Code “rots” when it doesn’t run, and your pipeline may break due to updates somewhere else. To avoid having your pipeline inactive for long stretches of time you can instruct GitLab to trigger it on a certain schedule. I do it once a week.

Source

Here is my own repo if you want to check out anything else.

Addenda (2021-08-10)

Just as I hoped, making the effort of writing this post lead to a few discussions that yielded a couple more tricks.

Enable BuildKit

Docker BuildKit is described as a “new backend” for the docker build command, and has been available (though not turned on by default) since Docker 18.09. It’s supposed to run marginally faster, and has at least a couple of interesting features: the --secret flag to handle secrets securely while building images and external image cache sources, which are covered in the next section.

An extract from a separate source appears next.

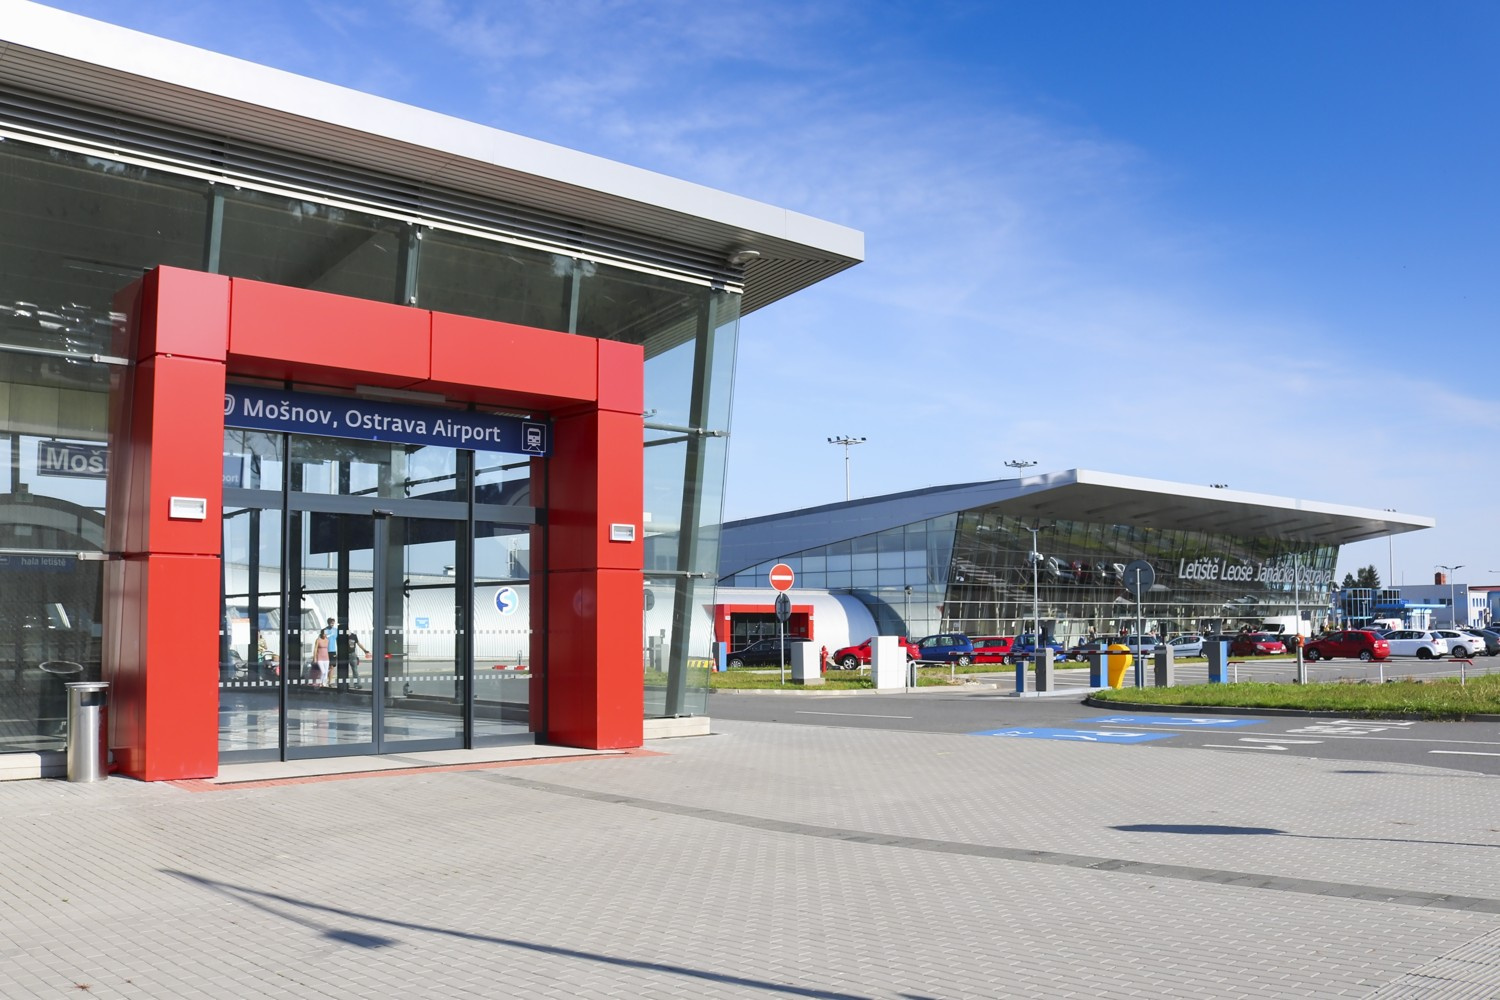 Kiwi.com and Ostrava Airport

At the time of writing turning BuildKit on is simply a matter of setting a new environment variable for all build jobs:

variables:
  DOCKER_BUILDKIT: 1
  DOCKER_TLS_CERTDIR: /certs

I expect this to be unnecessary at some point in the future. You can check that BuildKit is enabled by peeking at the log of any build job, the output format should be quite different.

Leverage external cache sources

This feature requires BuildKit, and it is another (I believe neater) way to accomplish the same thing as the only keyword, i.e. build images only when their code changes.

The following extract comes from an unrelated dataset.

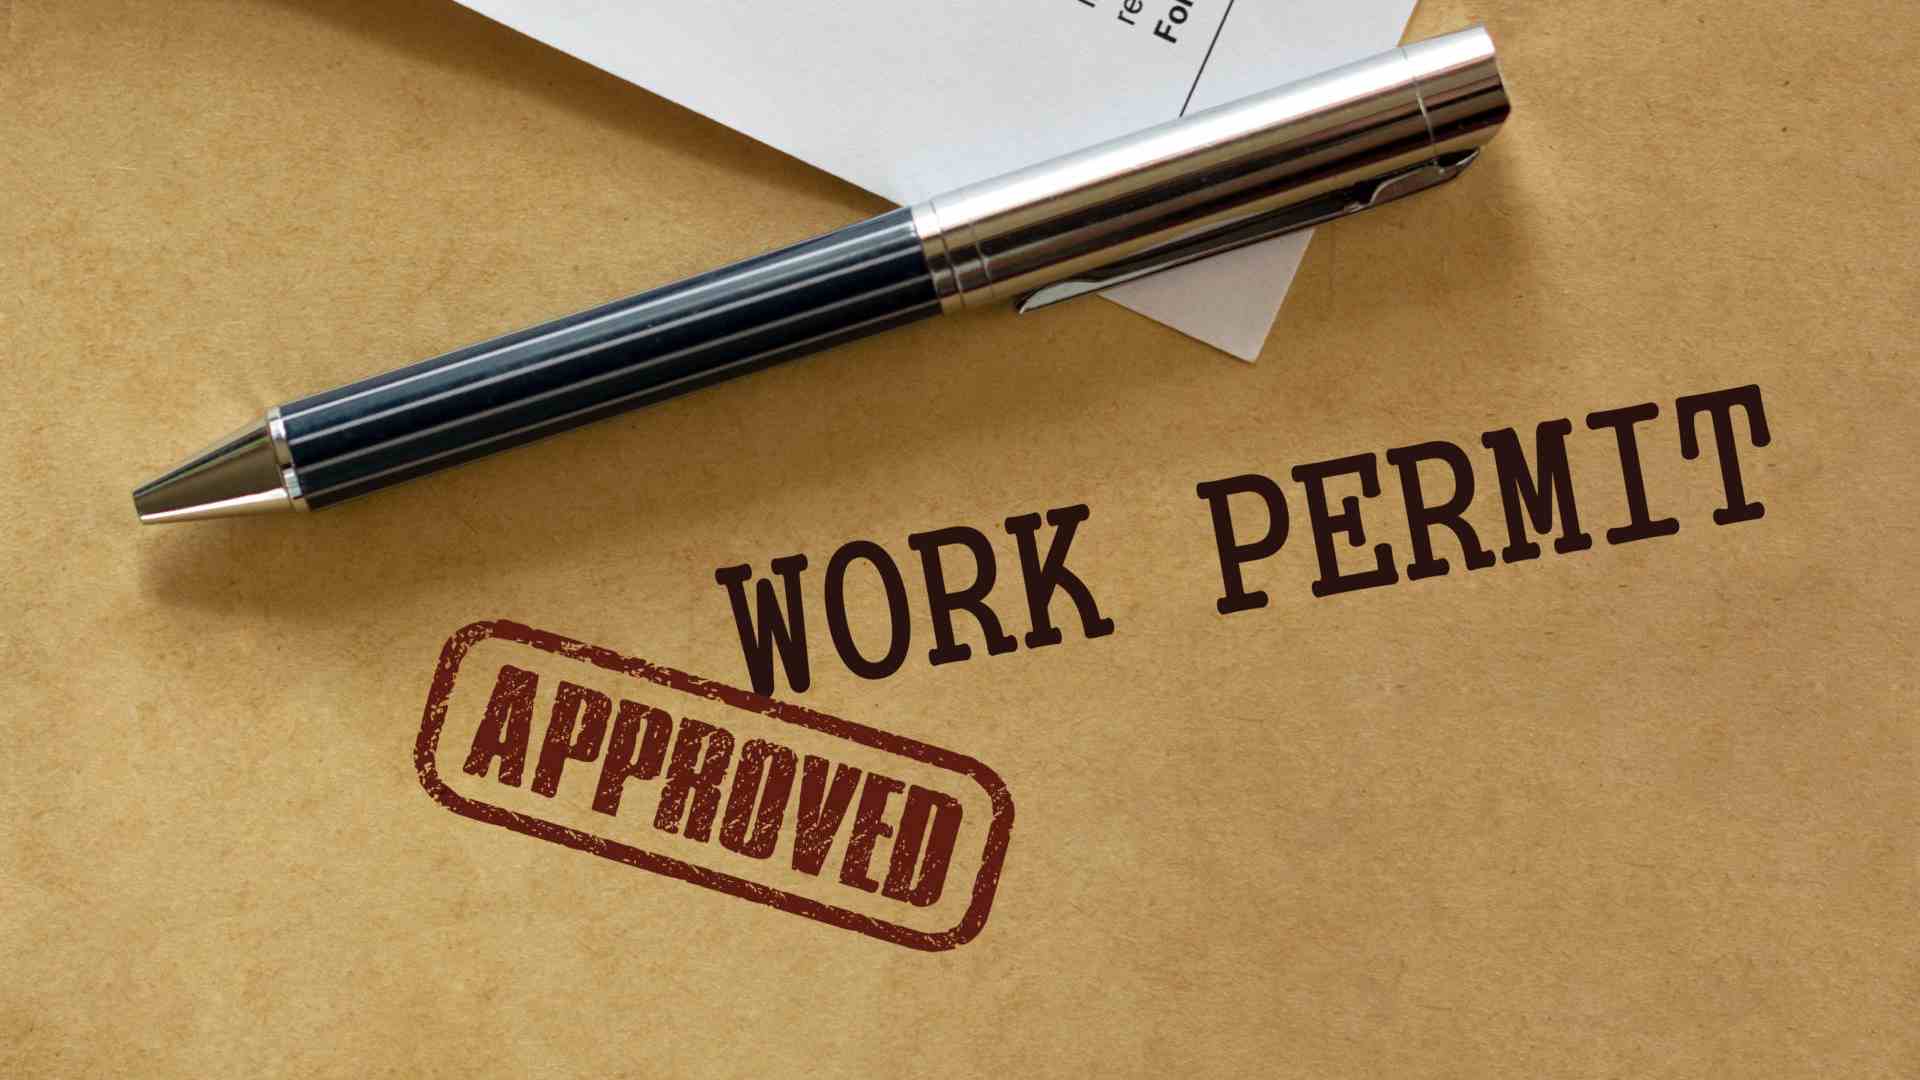 UAE Work Permit: Requirements, & Process

Instead of using only as described above, pass the arguments --build-arg BUILDKIT_INLINE_CACHE=1 --cache-from $IMAGE_NAME to all build commands. The first argument will embed a new metadata cache into the image, and the second one will instruct Docker to use it while building the image. This allows Docker to treat the registry as an image cache, like when you build the same image on your local machine repeatedly and Docker is capable of reusing some layers.

alpine:
  stage: tier1
  script:
    - docker build --build-arg BUILDKIT_INLINE_CACHE=1 --cache-from 1maa/alpine:3.14 -t 1maa/alpine:3.14 -f alpine/Dockerfile alpine
    - docker login -u $DOCKER_HUB_USER -p $DOCKER_HUB_PASS
    - docker push 1maa/alpine:3.14

The time savings when building a handful of (mostly) unchanged images can be huge:

Note that the first commit only added --build-arg ... and pushed a fresh set of metadated images to the registry, the last one added the --cache-from ... argument to use that metadata.

In essence this has exactly the same behaviour as if you pulled the old image from the registry before doing the build, but without even paying a price for downloading the layers that the build process cannot reuse.